これを忘れると、「value」の値が文字列として認識されないため、
ラベルの指定ができず、CPU/メモリのリソースが空いている任意のワーカーノードで
Podが実行されるようになるため、注意してください。
apiVersion: batch/v1
kind: Job
metadata:
generateName: work-queue-
spec:
template:
spec:
nodeSelector:
type: "<ユーザー名>-worker-nodes"
containers:
- name: work
image: busybox
command: ["sleep", "360"]
resources:
requests:
memory: 500Mi
cpu: 500m
restartPolicy: Never
backoffLimit: 4
completions: 15
parallelism: 15
ジョブを実行して数分待つと、MachineSet Autoscalerを設定したMachineSetによって、 自動的にワーカーノードが1台追加され、追加されたワーカーノード上でPodが実行されることを確認できます。 これらは「Jobs」メニューや、「コンピュート」の中にある「Node」や「MachineSet」といったメニューを見ることで確認できます。

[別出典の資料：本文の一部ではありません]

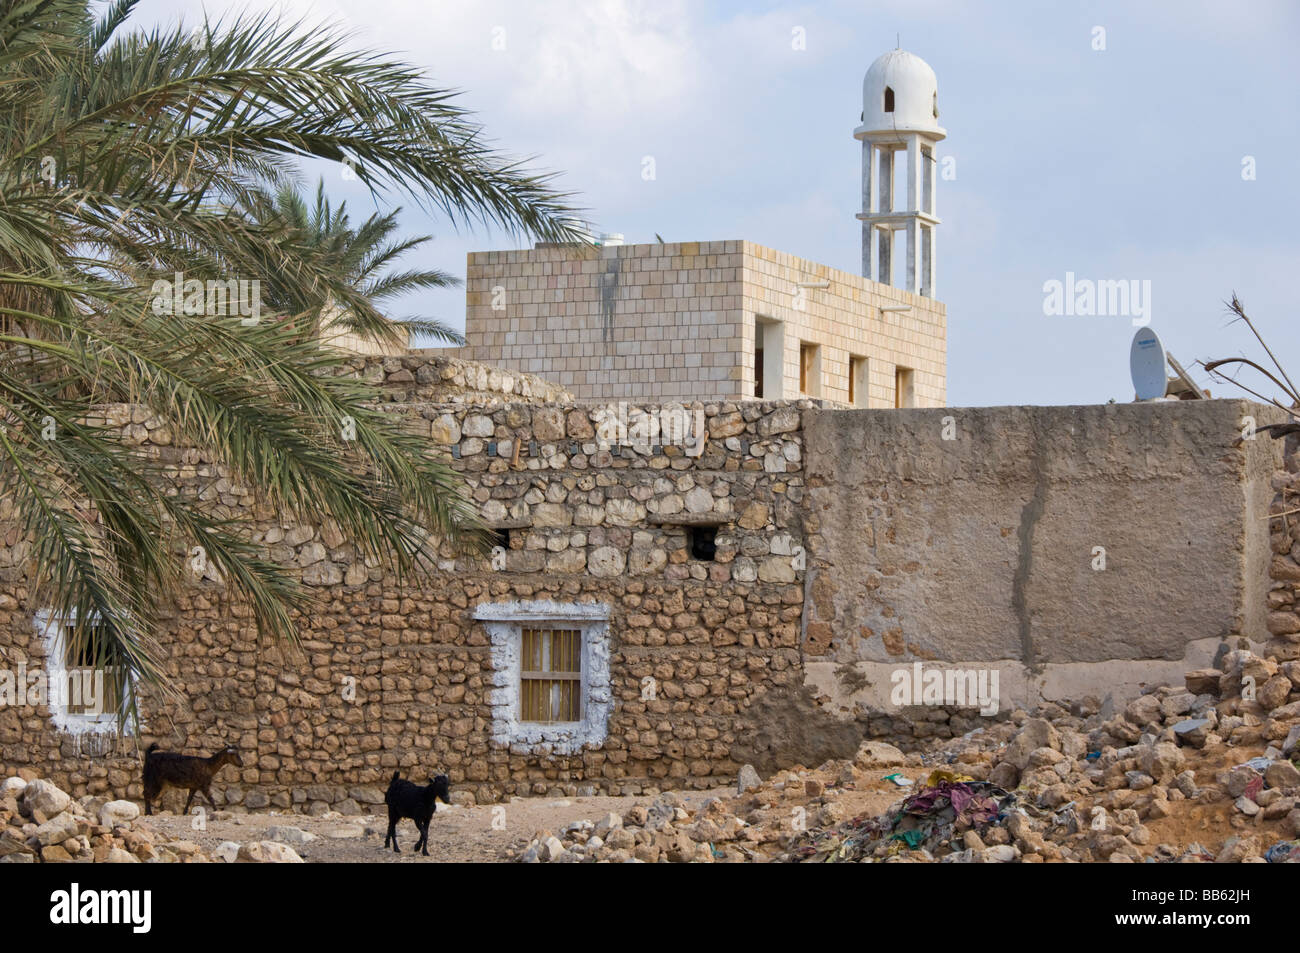 Qalansiyah village Socotra Yemen Stock Photo

この演習環境の場合、ジョブ実行が完了し、不要になったワーカーノード1台が オートスケールダウンによって削除されるまで、20分ほどかかります。 途中でジョブの実行を中止したい場合、当該ジョブを選択して、 右上の「アクション」メニューから、「Jobの削除」を選択して「削除」を選択します。 これによりジョブによって起動されたPodが全て削除され、数分経つと、自動的にワーカーノードが1台削除されます。
最後に受講生が作成したMachineSetを削除します。 当該MachineSetを選択して、「MachineSetの削除」を選択することで、 MachineSet及びそれに紐づく全てのワーカーノードが削除されます。